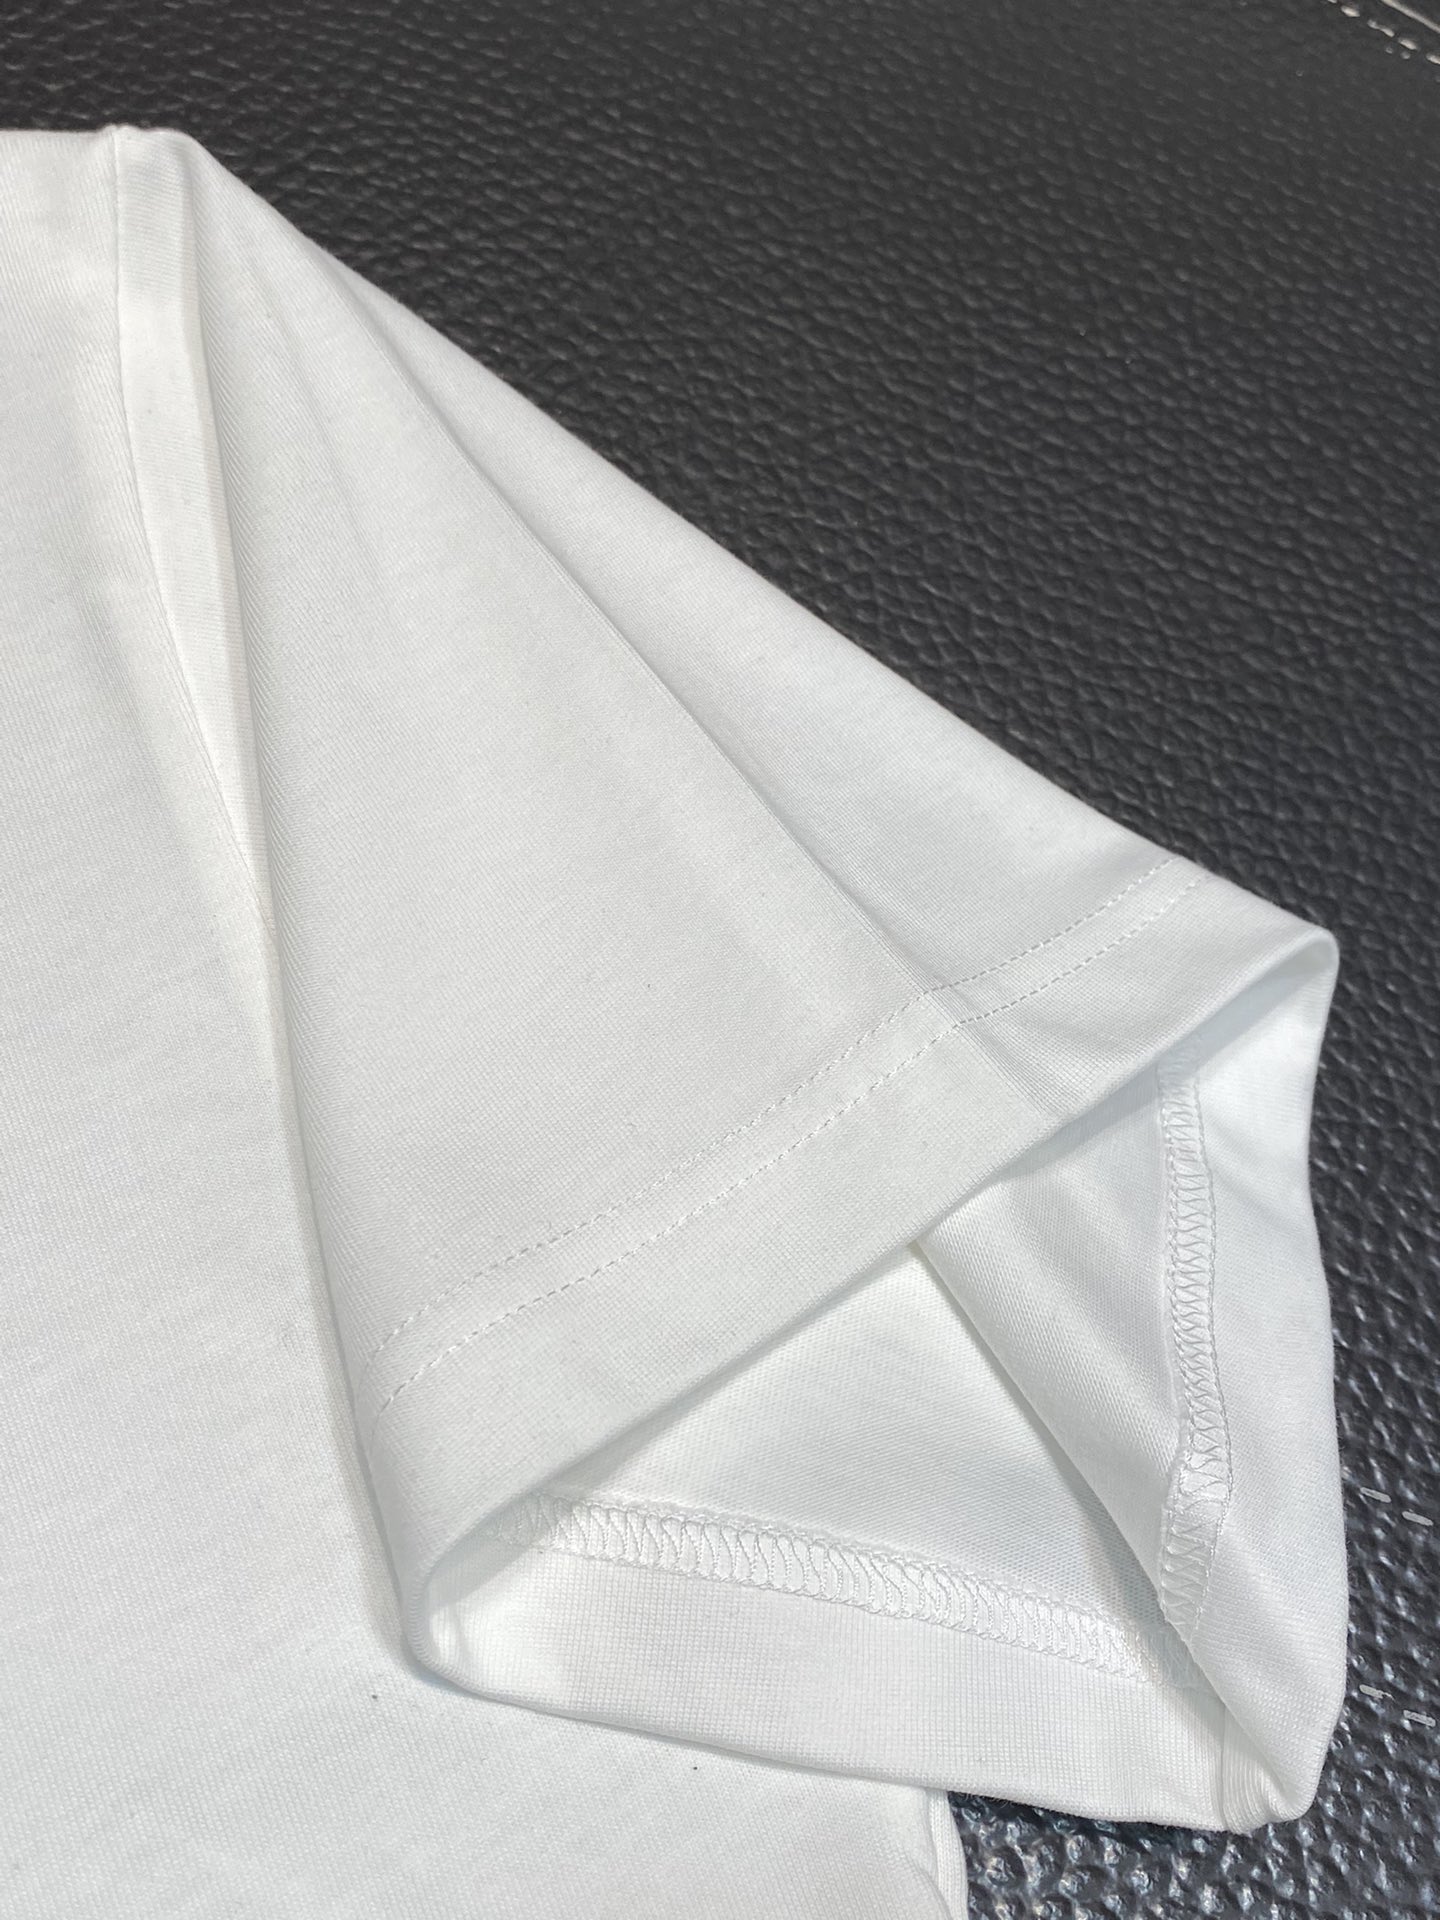 超激得の新品 ヴェトモン スカルtシャツスーパーコピートップス 短袖 プリント 純綿 品質保証 メンズ ホワイト_6
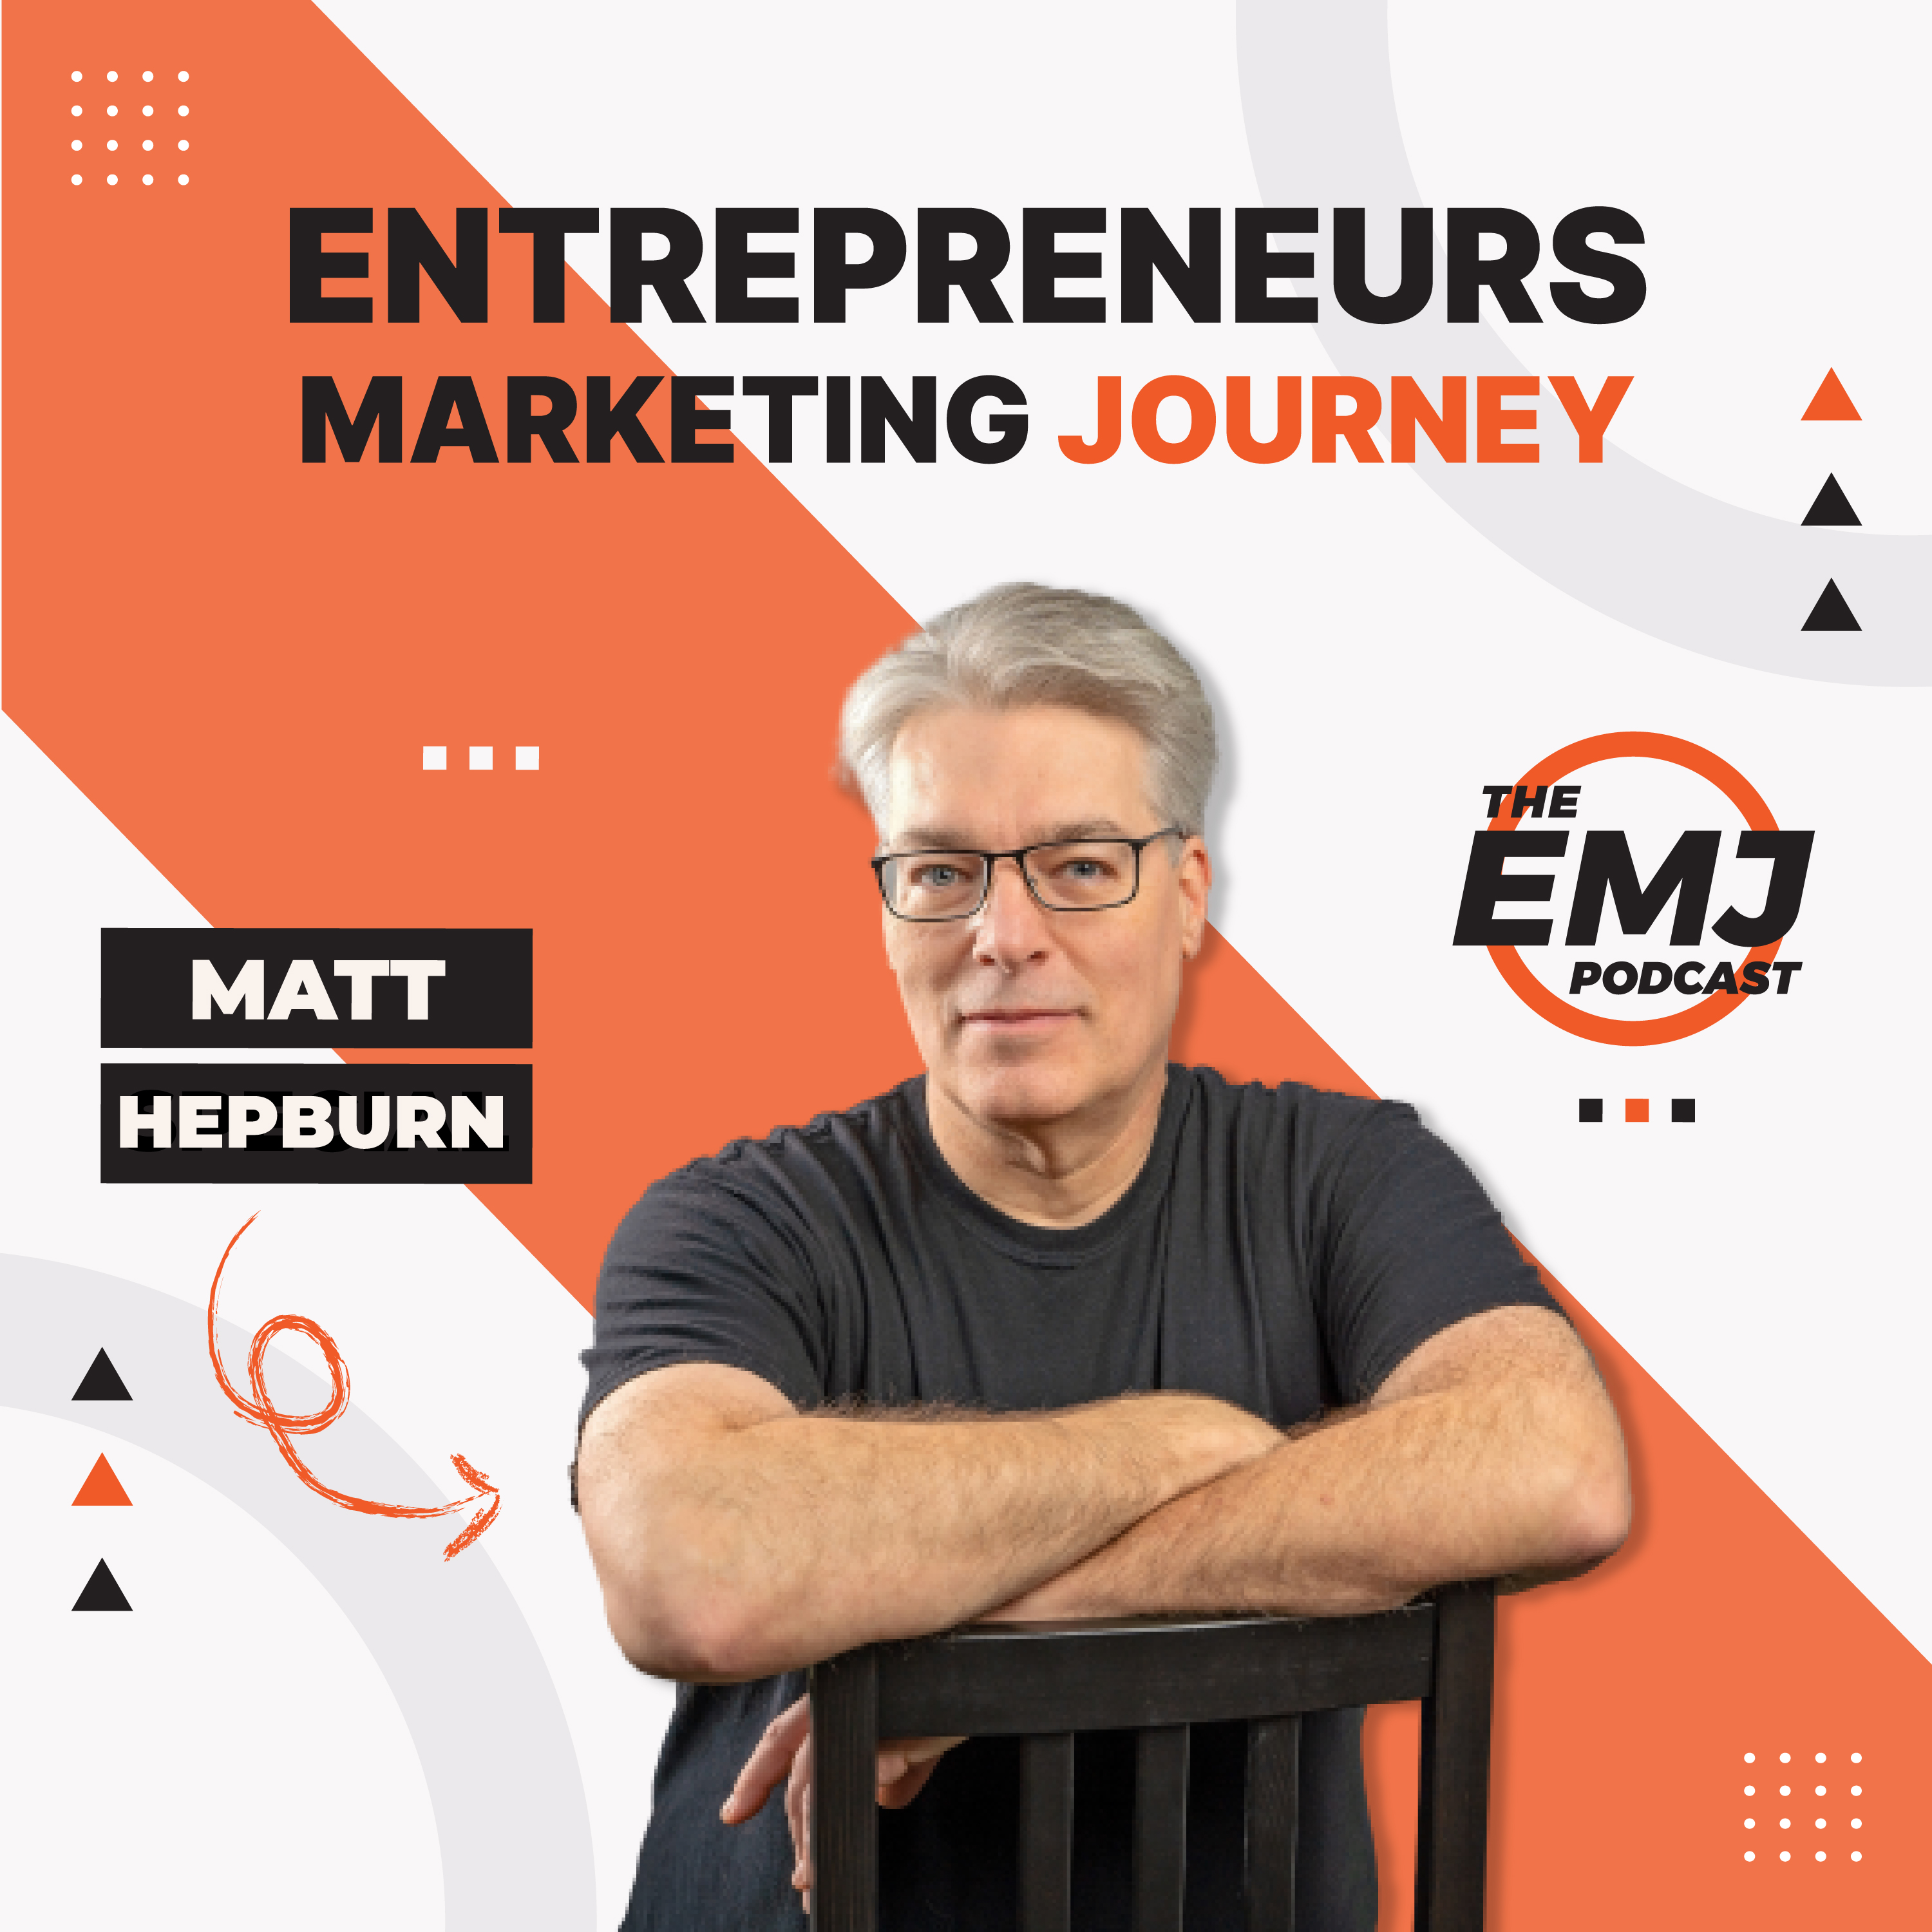 Artwork for podcast The EMJ Podcast With Matt Hepburn
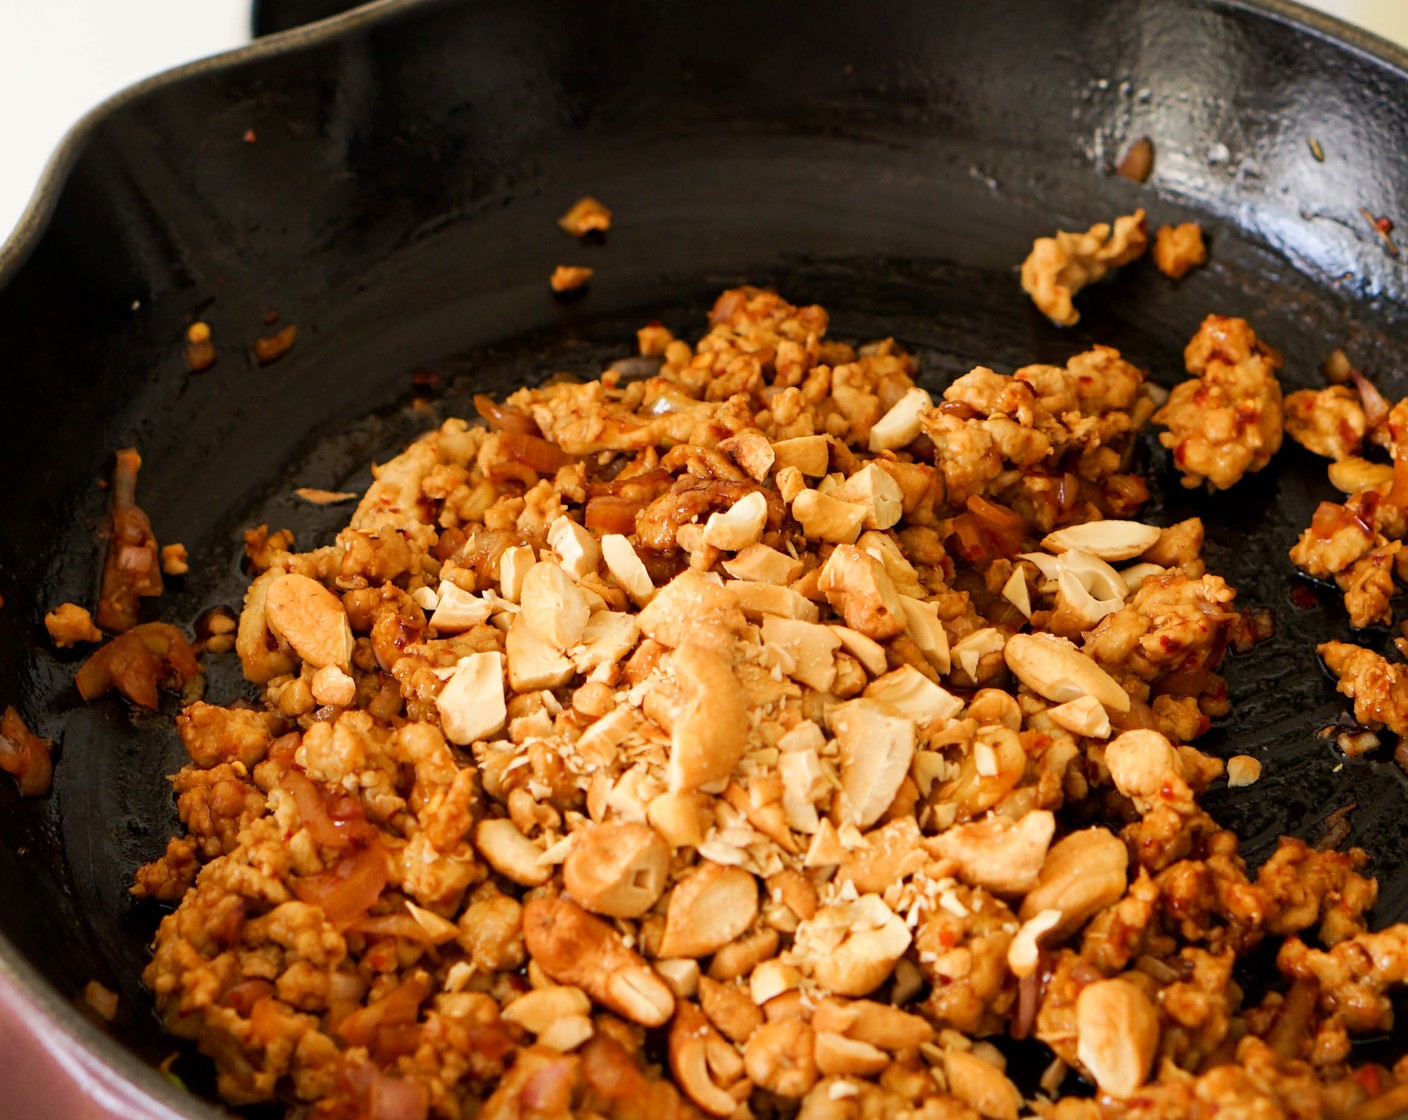 Schritt 1 Olivenöl (2 Esslöffel) in einer Pfanne auf mittlerer bis hoher Stufe erhitzen. Das Hackfleisch (225 g) in die Pfanne geben und mit Chiliflocken (1 TL), Kosher Salz (nach Bedarf), Zucker (1 TL) und Fischsauce (1 EL) würzen. Das Hühnerfleisch mit einem Spatel in kleine Krümel zerteilen und durchschwenken, um es gleichmässig mit den Gewürzen zu bedecken. 5 Minuten weiter garen, bis das Huhn weitgehend durchgegart ist.
○ ○ ○
Pictures aside, return all of the material exactly as written.

Answer for this exercise:
 超激得の新品 ヴェトモン スカルtシャツスーパーコピートップス 短袖 プリント 純綿 品質保証 メンズ ホワイト_6
 Artwork for podcast The EMJ Podcast With Matt Hepburn
 Schritt 1 Olivenöl (2 Esslöffel) in einer Pfanne auf mittlerer bis hoher Stufe erhitzen. Das Hackfleisch (225 g) in die Pfanne geben und mit Chiliflocken (1 TL), Kosher Salz (nach Bedarf), Zucker (1 TL) und Fischsauce (1 EL) würzen. Das Hühnerfleisch mit einem Spatel in kleine Krümel zerteilen und durchschwenken, um es gleichmässig mit den Gewürzen zu bedecken. 5 Minuten weiter garen, bis das Huhn weitgehend durchgegart ist.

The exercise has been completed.